Per quanto condivisibili nelle intenzioni, queste dichiarazioni si inseriscono in quella pratica sempre più diffusa nota come greenwashing: una strategia di comunicazione adottata dalle aziende per costruirsi un’immagine ecologicamente responsabile, spesso in netto contrasto con il reale impatto delle proprie attività sull’ambiente. Più che uno sforzo concreto verso la sostenibilità, le parole appaiono come un’operazione di facciata, e per molti cittadini rappresentano non solo un’ingannevole narrazione, ma anche un’offesa alla propria esperienza quotidiana.

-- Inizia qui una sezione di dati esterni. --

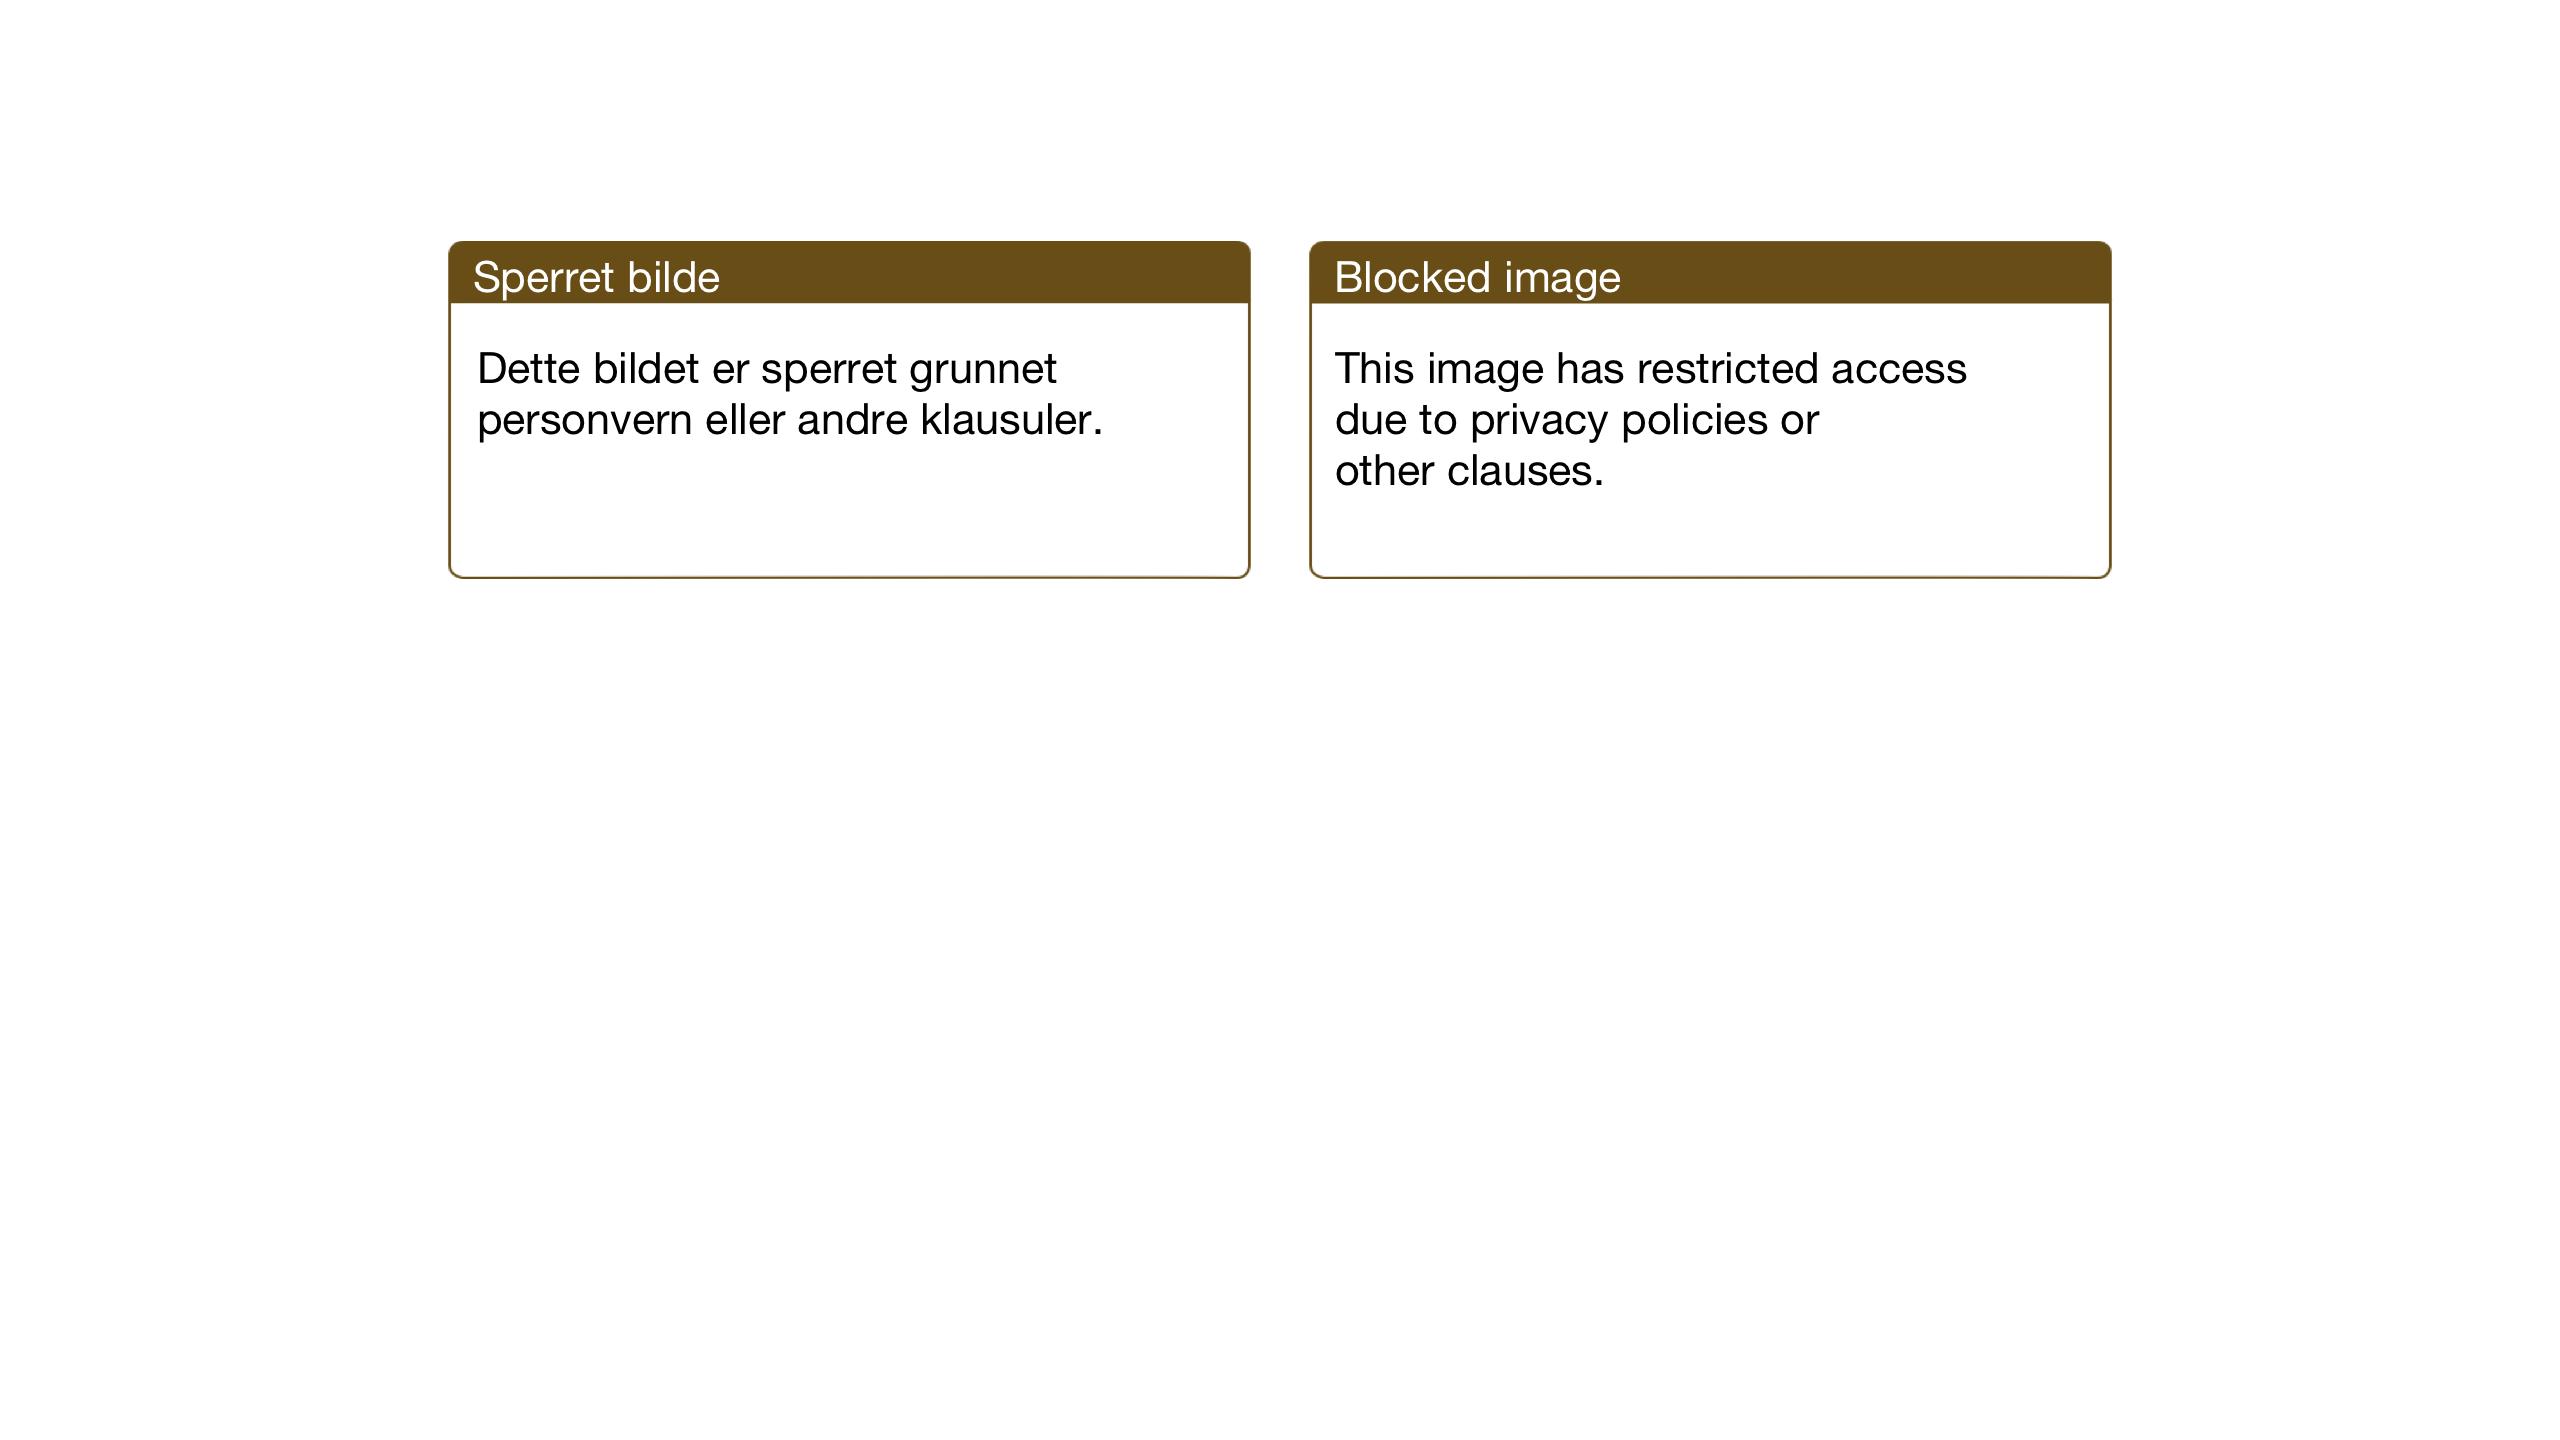 SAT, Ministerialprotokoller, klokkerbøker og fødselsregistre - Sør-Trøndelag, 618/L0454: Klokkerbok nr. 618C05, 1926-1946, s. 77

Le spiagge “caraibiche” di Rosignano
Gli scarichi a mare nel Fosso Bianco, Lillatro, Rosignano Solvay
A Rosignano, Solvay scarica direttamente in mare i propri rifiuti solidi. Un fatto che stride fortemente con gli sbandierati concetti di sostenibilità, impronta ambientale, biodiversità, gestione dei rifiuti, conservazione dell’acqua e adattamento ai cambiamenti climatici. Le cosiddette «Spiagge Bianche», celebri per l’aspetto caraibico che attira turisti e fotografie da tutto il mondo, sono in realtà il risultato di decenni di sversamenti industriali. Un habitat morto, trasformato in discarica marina. Tutto questo avviene nel rispetto della legge, grazie a una autorizzazione del Ministero dell’Ambiente, che di fatto ha derogato all’accordo di programma del 2003 nel quale Solvay aveva accettato una drastica riduzione degli scarichi a mare..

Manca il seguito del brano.